Title: | Sparse Nonparametric Regression for High-Dimensional Data |
Version: | 1.0 |
Description: | Estimation of sparse nonlinear functions in nonparametric regression using component selection and smoothing. Designed for the analysis of high-dimensional data, the models support various data types, including exponential family models and Cox proportional hazards models.
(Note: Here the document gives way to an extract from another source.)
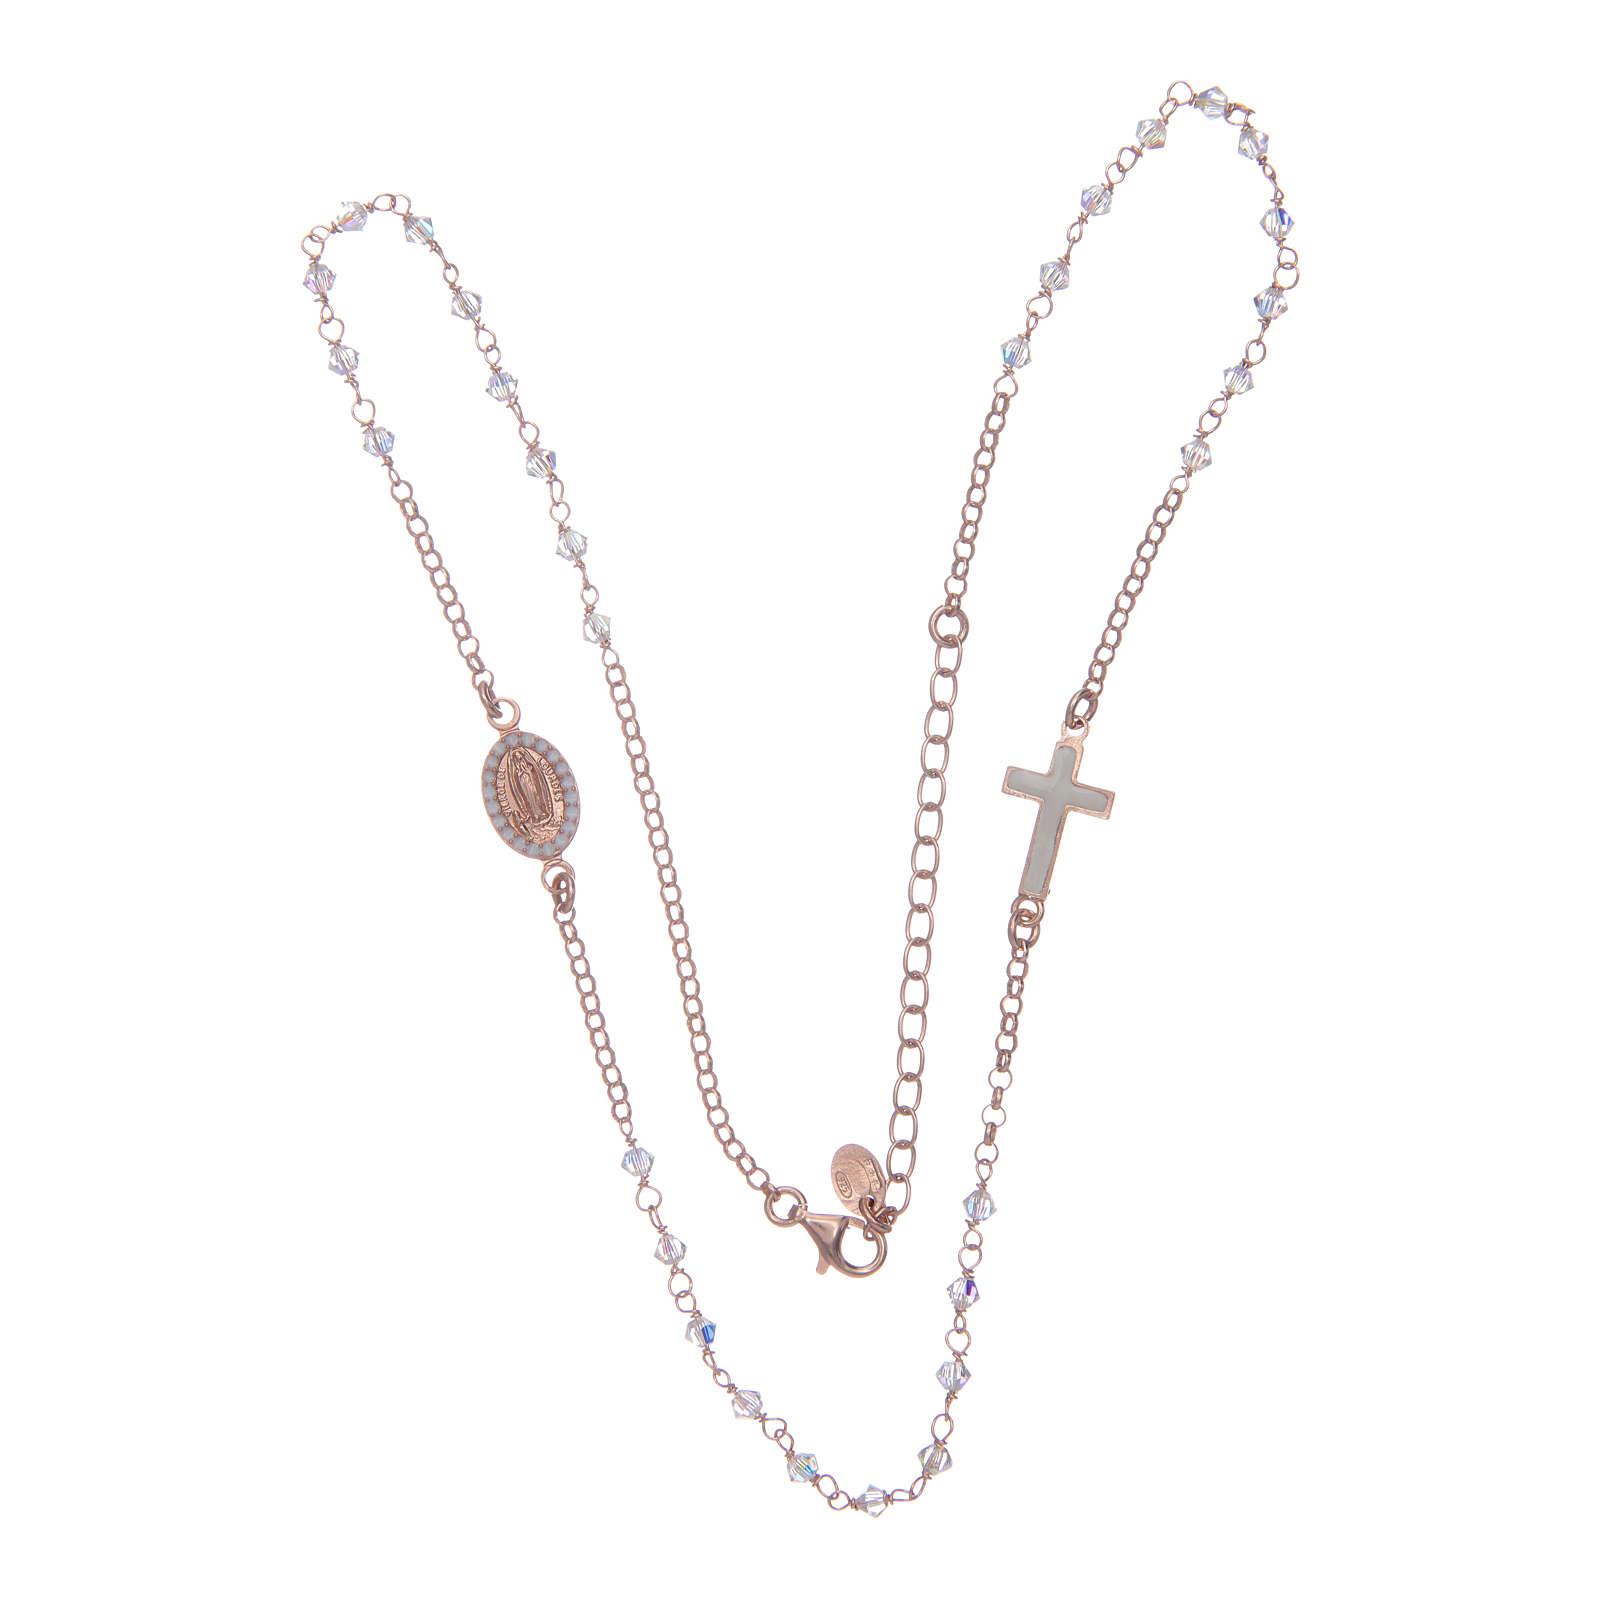 Collar rosario plata 925 rosado con Swarovski transparentes 4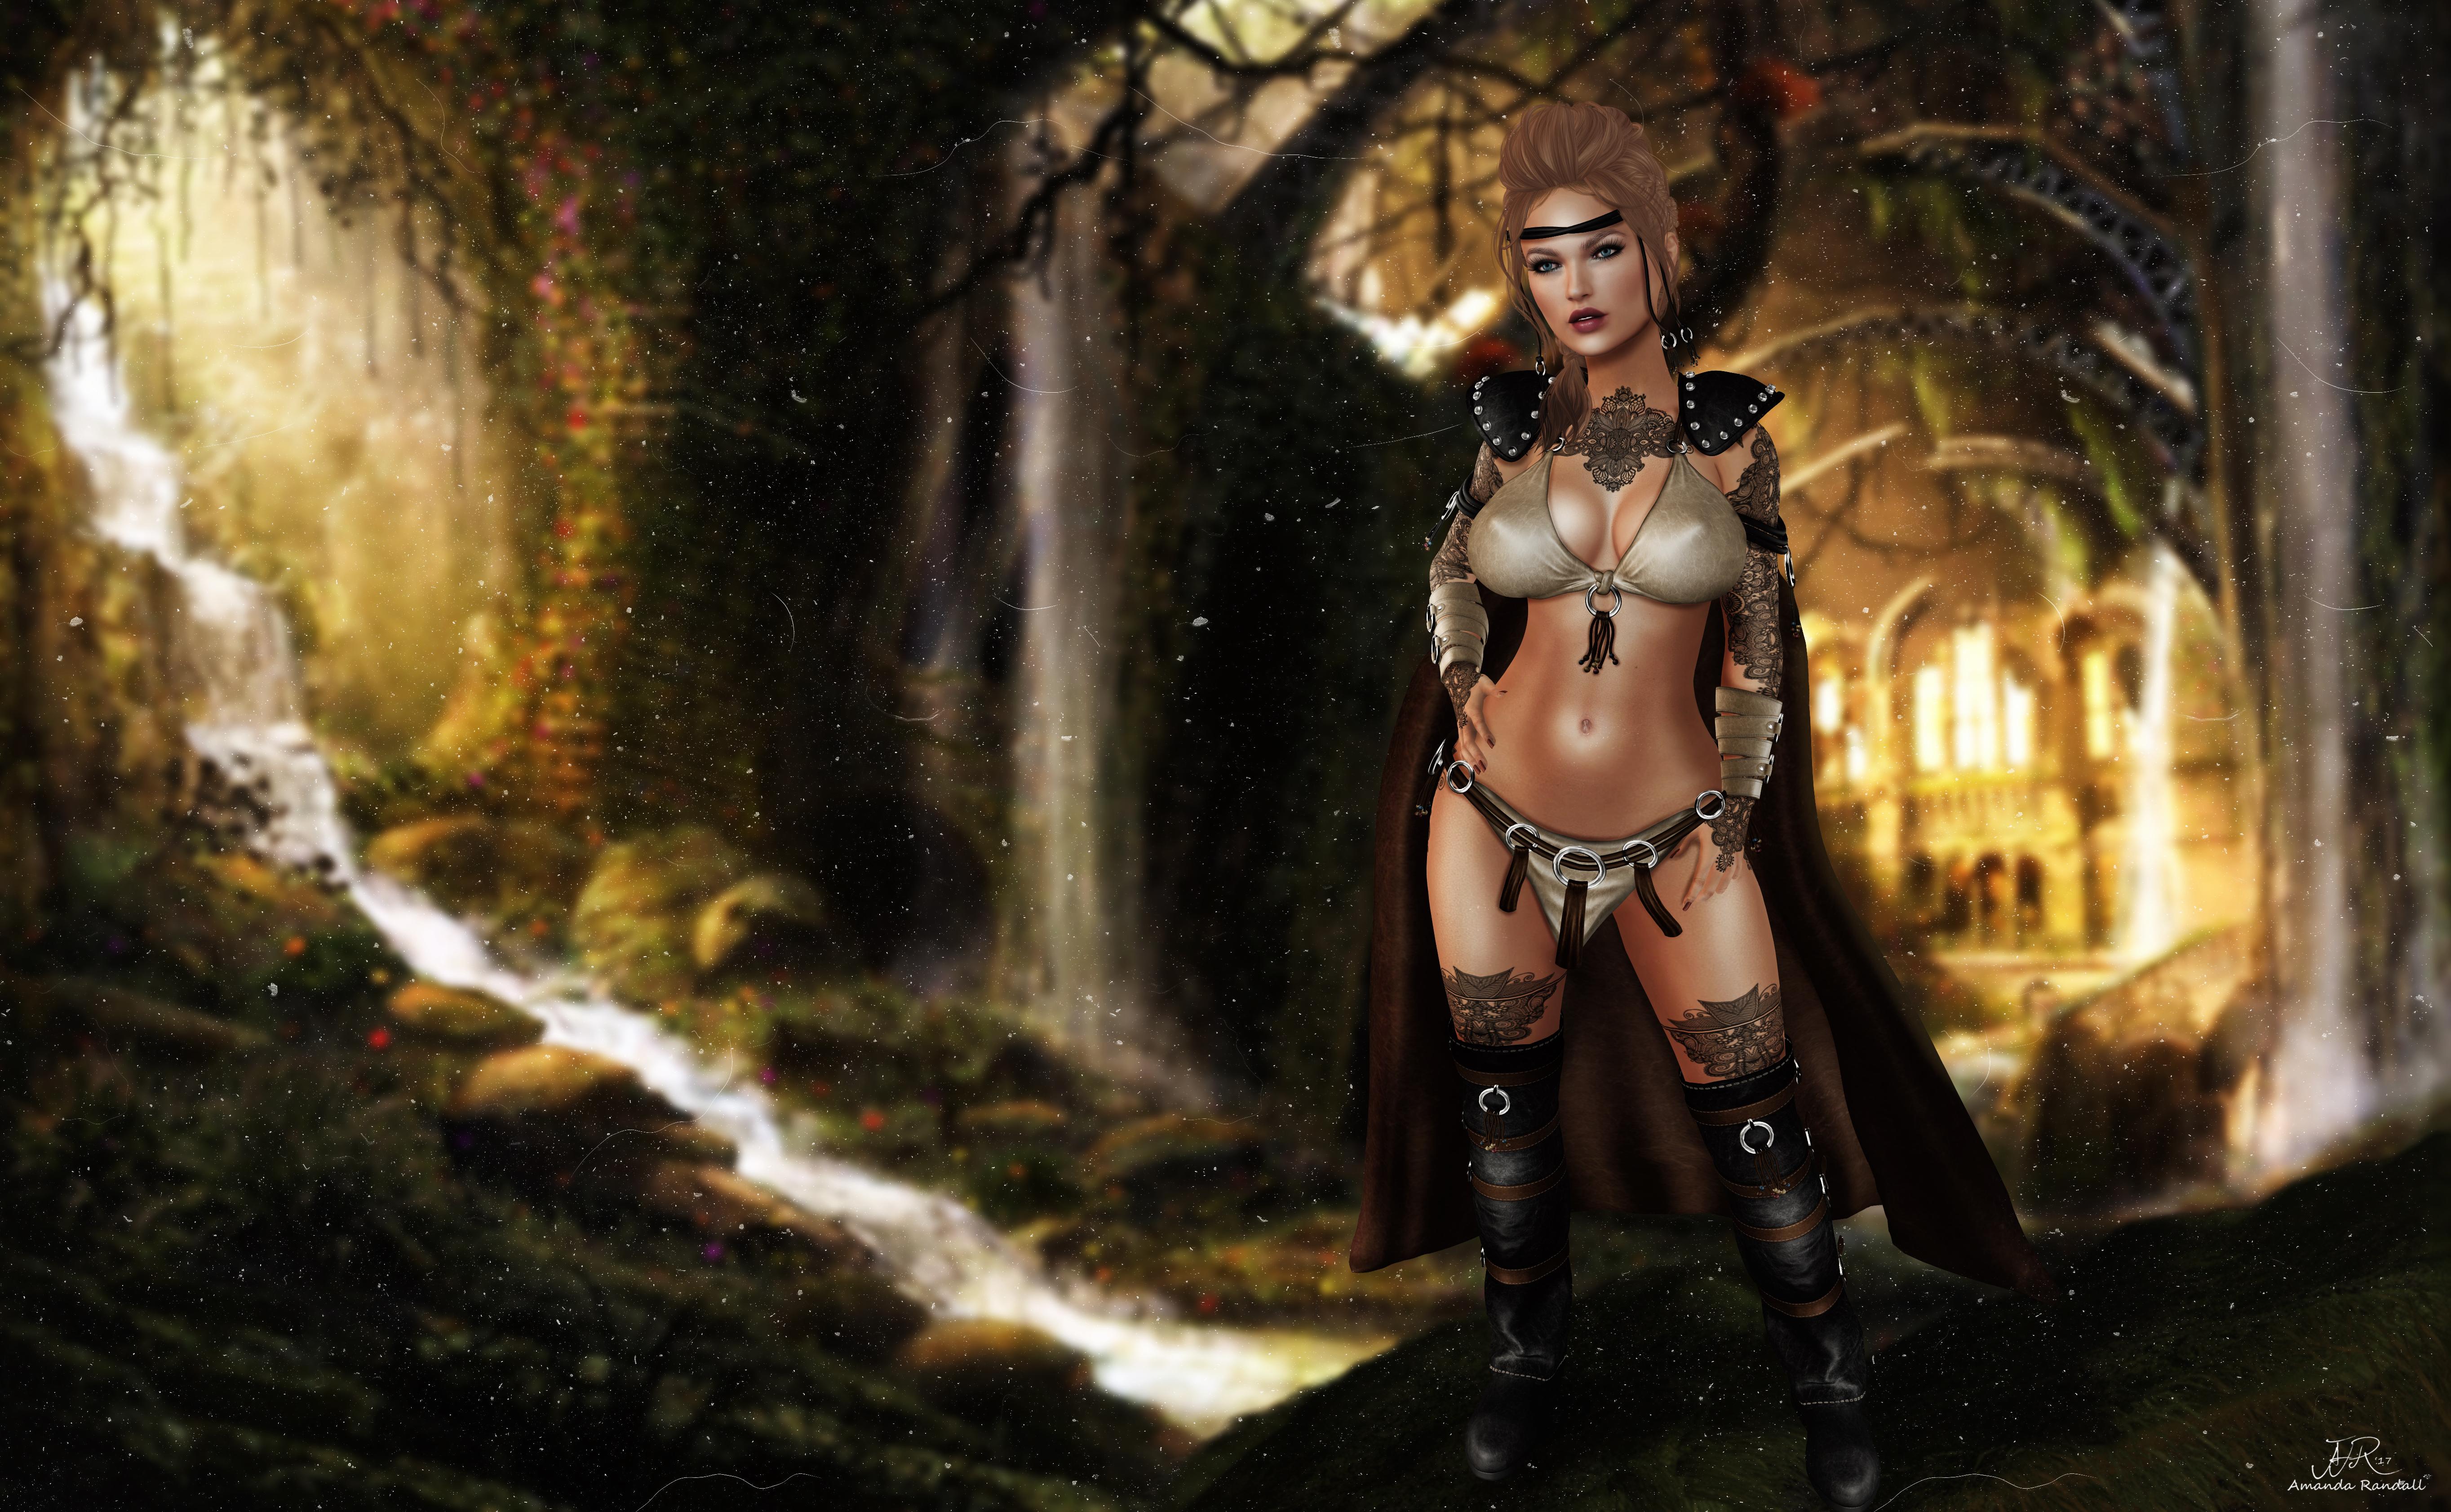 Wallpaper : model, tattoo, fashion, hair, boots, jungle

The methodology is based on Lin and Zhang (2006) <doi:10.1214/009053606000000722>. |
License: | GPL-3 |
Encoding: | UTF-8 |
RoxygenNote: | 7.3.1 |
Imports: | cosso, survival, stats, MASS, glmnet, graphics |
Suggests: | knitr, rmarkdown, testthat (≥ 3.0.0), usethis (≥ 2.1.5), devtools |
Config/testthat/edition: | 3 |
VignetteBuilder: | knitr |
NeedsCompilation: | yes |
Packaged: | 2025-03-11 06:00:46 UTC; jieun |
Author: | Jieun Shin [aut, cre] |
Maintainer: | Jieun Shin <jieunstat@uos.ac.kr> |
Repository: | CRAN |
Date/Publication: | 2025-03-13 12:10:06 UTC |
Load a matrix from a file
Description
The cossonet function implements a nonparametric regression model that estimates nonlinear components.
This function can be applied to continuous, count, binary, and survival responses.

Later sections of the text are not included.